Post-treatment cure criteria have not been distinctly established and show highly heterogeneity. Remission from hyperthyroidism manifestations, normalization of free thyroid hormone, α-GSU and TSH levels, undetectable TSH levels one week after surgery and/or a positive T3 suppression test and no response to TRH have been proposed as cure criteria, although with different limitations. As shown by our clinical case, remission of hyperthyroid symptoms and thyroid function normalization may be transient and not synonymous of complete destruction of tumours cells. Neuroradiological revaluation performed soon after surgery is frequently difficult to interpret. Still, undetectable TSH levels one week after surgery and/or positive T3 suppression test and no response to TRH stimulation test seem to be the criteria with the best prognostic value[1,5]. In our patient, despite achieving clinical hypothyroidism, detectable TSH and progressive resurgence of TSHoma in the four years post-surgery made it difficult to consider TSH normalization as cure criteria.

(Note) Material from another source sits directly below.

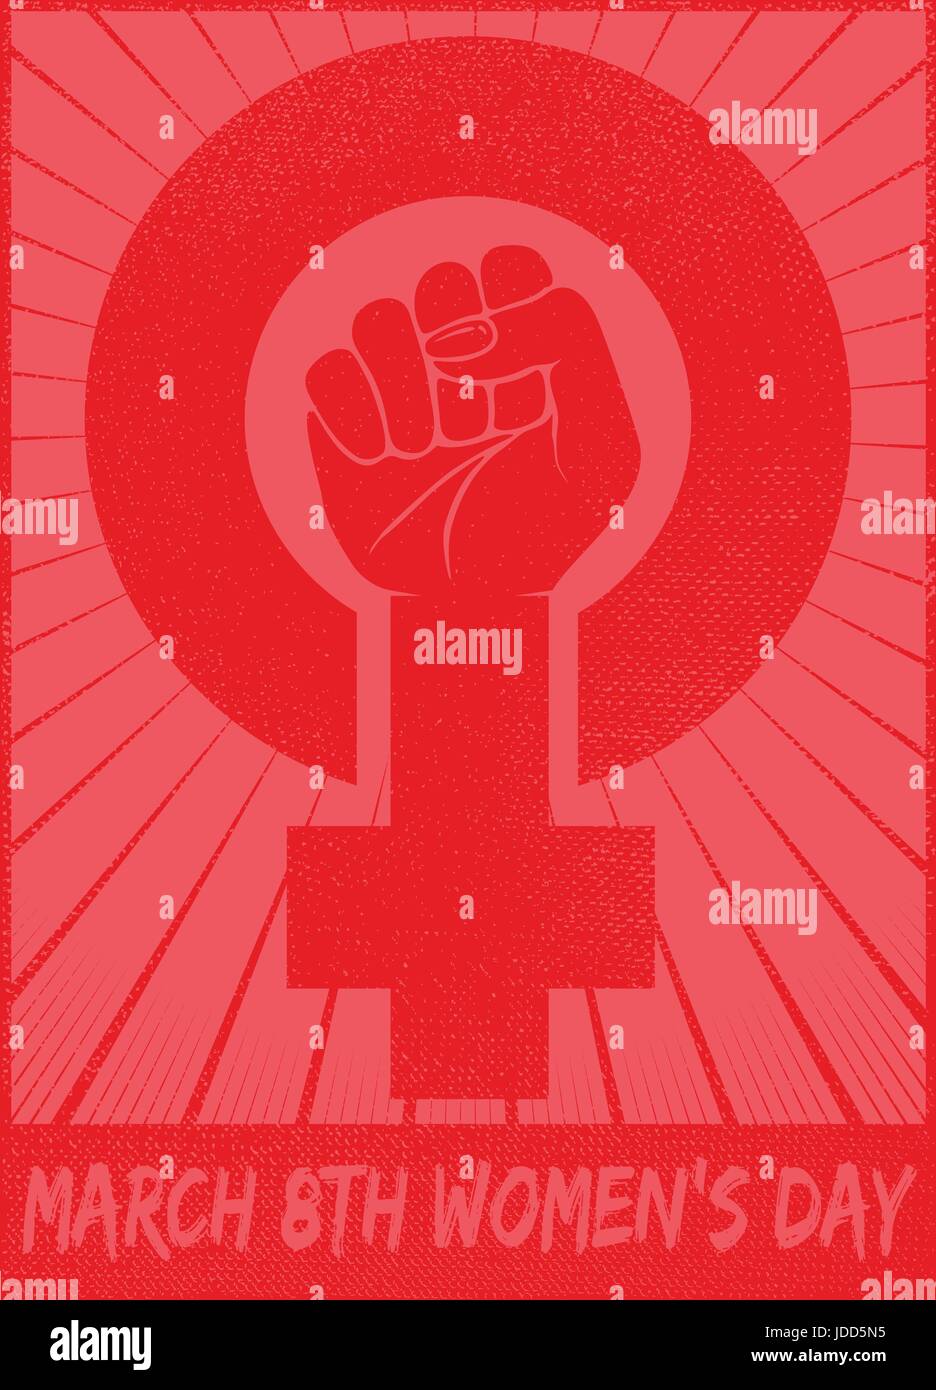 March 8th women's day celebration with female gender symbol and raised fist feminist protest vector card or logo design illustration Stock Vector

TSHoma treatment is not always effective in the first therapeutic approach, highlighting the importance of close clinical, biochemical and imaging follow-up. The present case highlights the possibility of long-term future recurrence. In this case, TSHoma reoccurred four years after the surgical intervention. This was detected by the medical team, allowing the establishment of a new therapeutic intervention.